Alternatively, the German government has provided 700 million euros to businesses focusing exclusively on green hydrogen.

Furthermore, the electrolyser is the single largest expense in the process of creating green hydrogen. Sixty percent to seventy percent of the price tag comes from the membrane-electrode unit, while the remainder comes from the precious metals used.

This could be mitigated by increased manufacturing volume, but the current demand is too little to justify the investment.Transporting hydrogen is similarly expensive as a fuel. The gas must be cooled to a temperature of -252 degrees Celsius before it can be transported. Ammonia is a more stable form that may be kept, but the cost of converting it back is high.

What do developing countries need from industrialized nations to promote green hydrogen?

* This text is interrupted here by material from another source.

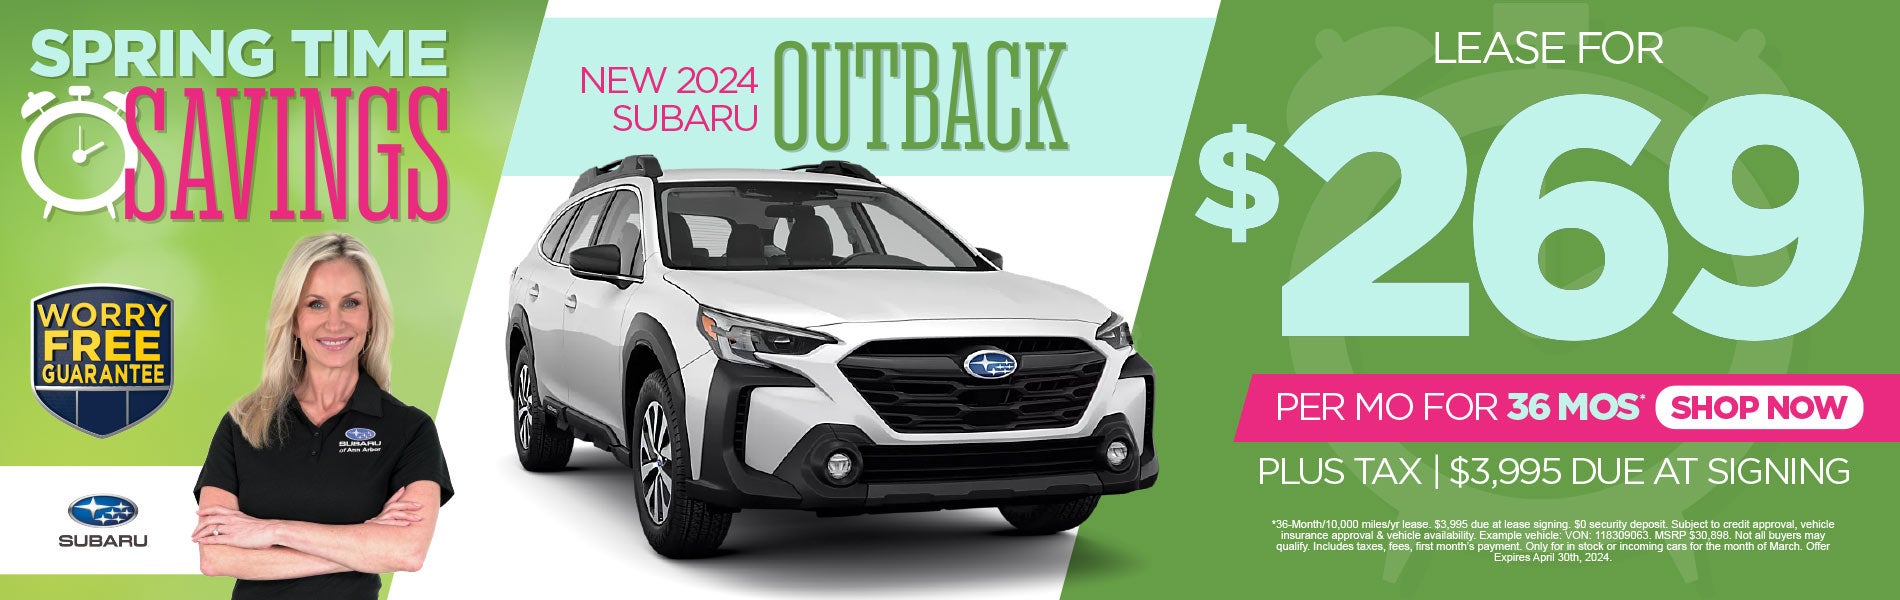 New 2024 Subaru Outback lease for $269/Mo*

Deepak Yadav, of the Council on Energy, Environment, and Water (CEEW), a Delhi think tank, told The Third Pole that developing countries require funding and knowledge transfer to create their hydrogen infrastructure, as is the case with many other disruptive technologies. Within the next decade, his company predicts that India will attract investments worth $44 billion. But, he continued, it is equally crucial that developed nations provide access to cheap financing to help poorer nations weather the shift more easily.

Yadav noted that India’s manufacturers are teaming up with Western technology suppliers to mass-produce electrolyzers, a vital component of the hydrogen-generation infrastructure. The CEEW adds that rich nations, particularly those that lack the space for massive renewable energy systems, should be willing to buy green fuels and technologies made in developing nations.